More importantly, most of these projects are essentially illegal absorption of public deposits or disguised fundraising. Even if the underlying assets are real, if the token is tradable, promises returns, and is sold to the general public, it touches the red line of illegal fundraising in mainland China's criminal law, not to mention that some project owners simply use RWA to defraud.
Judging from the law enforcement trends in recent years, public security organs, market supervision bureaus, and financial supervision bureaus have begun to pay close attention to projects under the banner of "blockchain", "digital goods", and "RWA innovation". So don't just look at people forwarding these projects in your circle of friends saying "this is RWA + new quality productivity", you will end up with illegal fundraising once you step in.
So which type of RWA are you talking about?

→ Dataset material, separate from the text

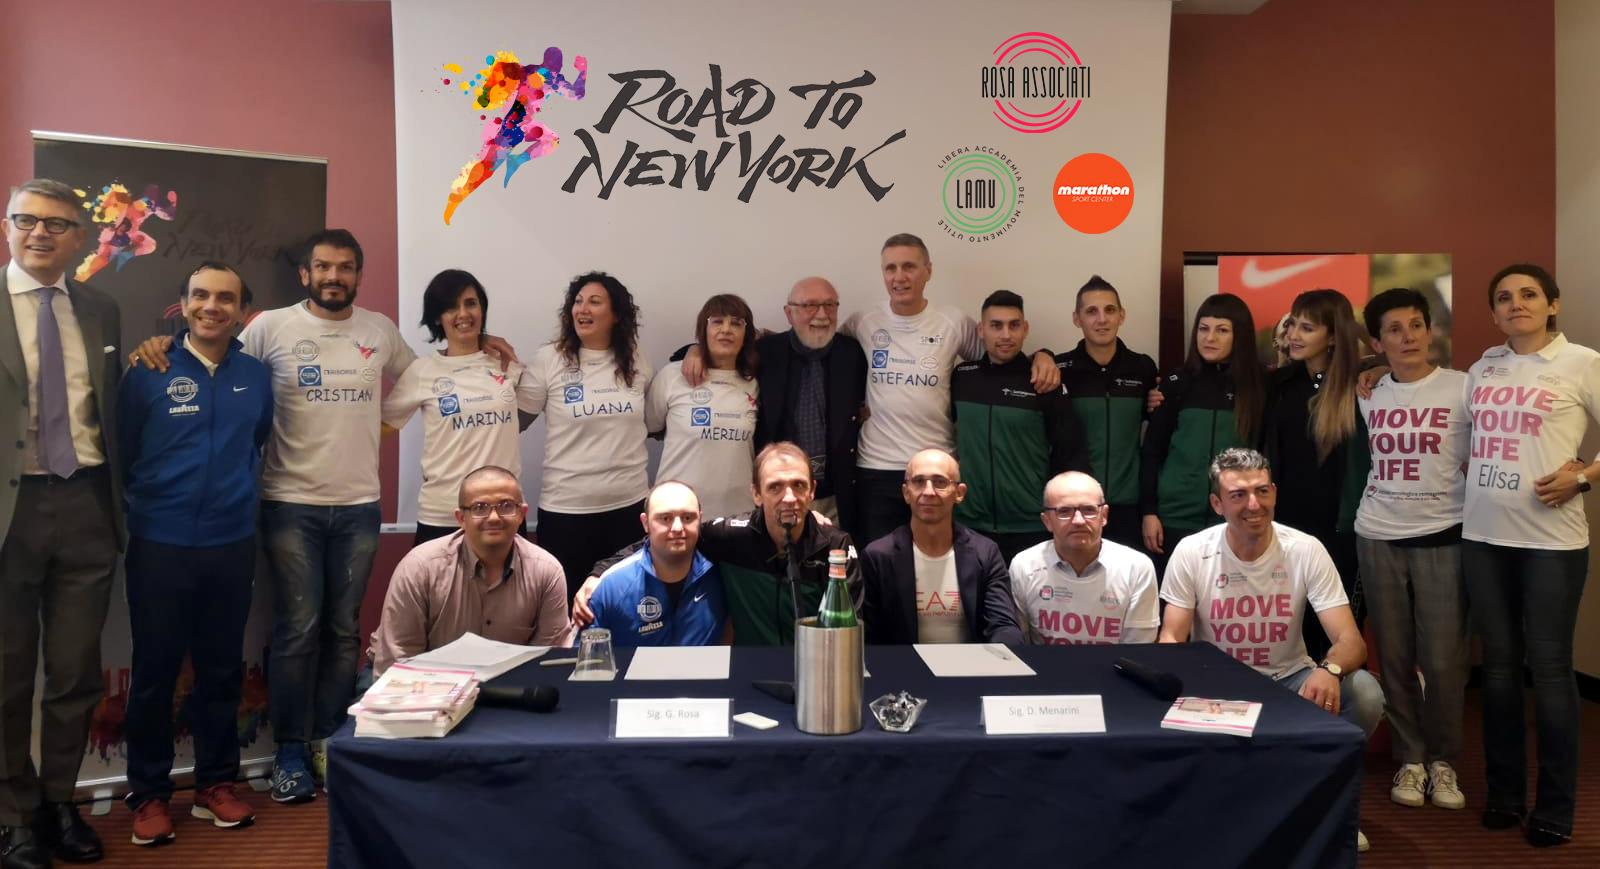 rosa-associati-road-to-new-york-2019
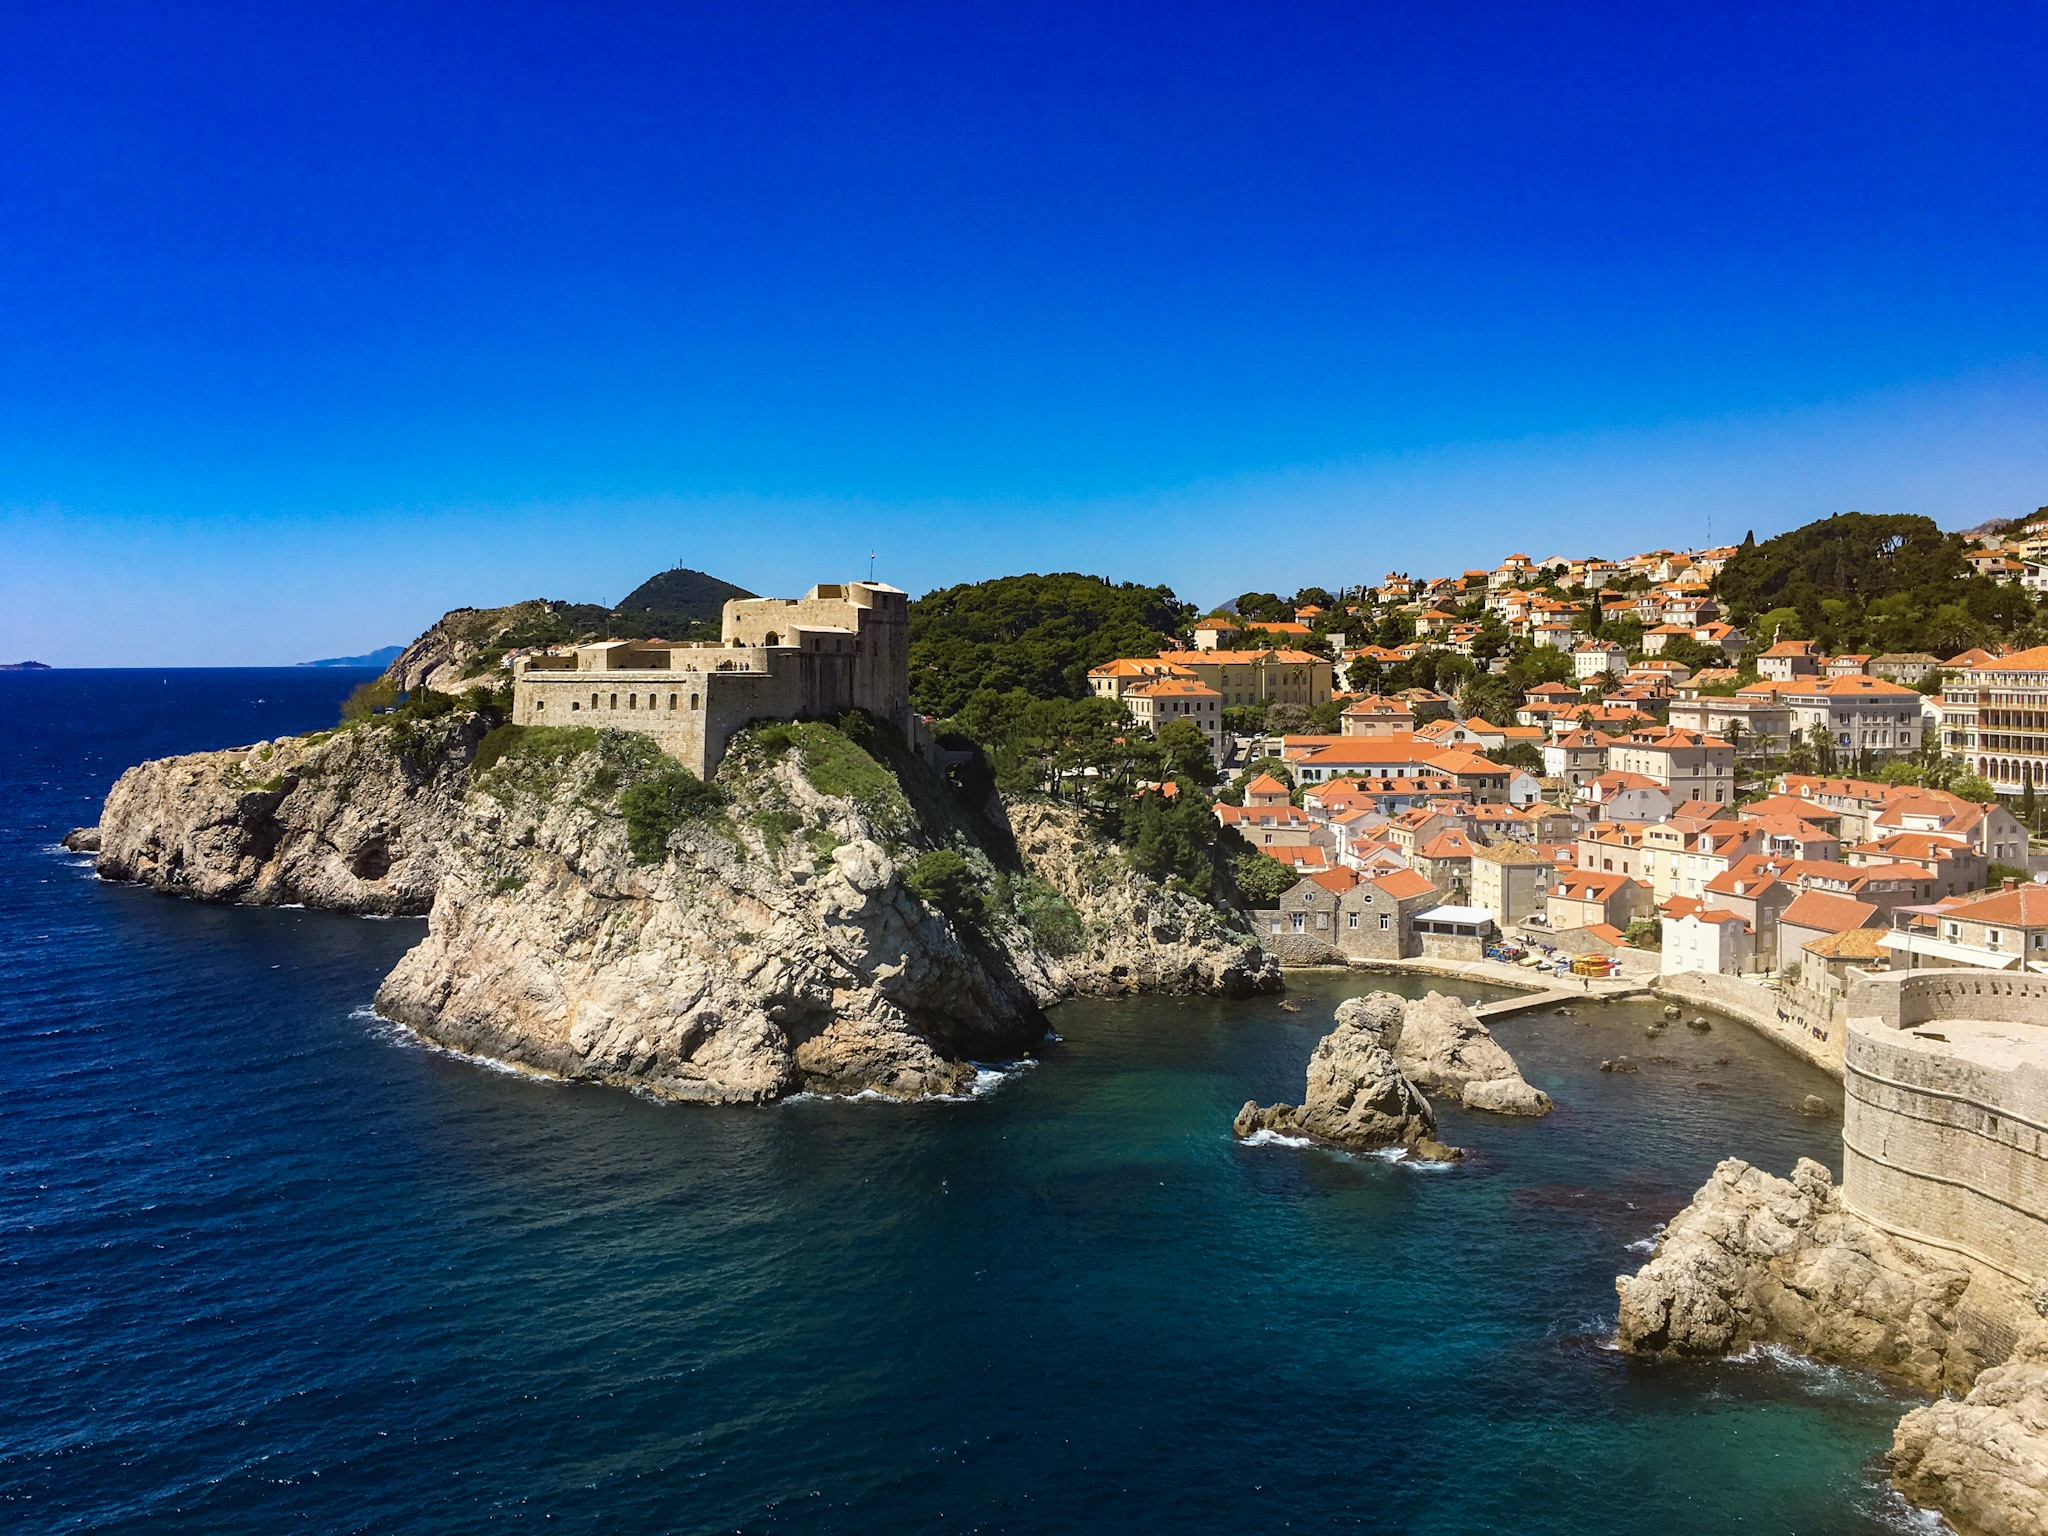 8. Dubrovnik Coastline

Looking at RWA at this point in time, the concept has become completely "multifaceted". Some people are doing real financial asset tokenization, some are doing capital market harvesting, and some are simply playing the game of passing the parcel.
The most ironic thing is that lawyer Honglin often meets these three groups of people in the same occasions. They even support each other and form teams for roadshows. As a result, the RWA circle looks lively, but in fact it is internally chaotic and cognitively fragmented.
All this is thanks to the "RWA consultants" on the market. They help clients come up with a token plan, run the investment promotion process, connect with government resources, and attend exhibitions. For those friends who are exploring financial innovation, as a lawyer who particularly hopes that the industry will develop in a positive and compliant manner, Lawyer Honglin has a few small suggestions. I hope that everyone will at least ask these four questions when doing RWA:
First, are your assets real, custodial, and auditable?
Second, does your token design circumvent the securitization attributes?
Third, are your sales targets qualified investors or public users?
Fourth, do you have adequate legal advice and regulatory response plans?
If you cannot answer these four soul-deep questions directly, then I suggest you don’t mention “RWA” easily, let alone use it as a name for financial innovation.
We need the concept of RWA and hope it can be implemented. But we need someone to make this path clear, legal and lasting, rather than walking into a regulatory minefield and dragging your clients into it. The service provider earns consulting fees, but the client is buried in the end.
So, when the RWA expert around you talks to you about poetry and distant places, please ask him/her to confirm:
What kind of RWA are you talking about?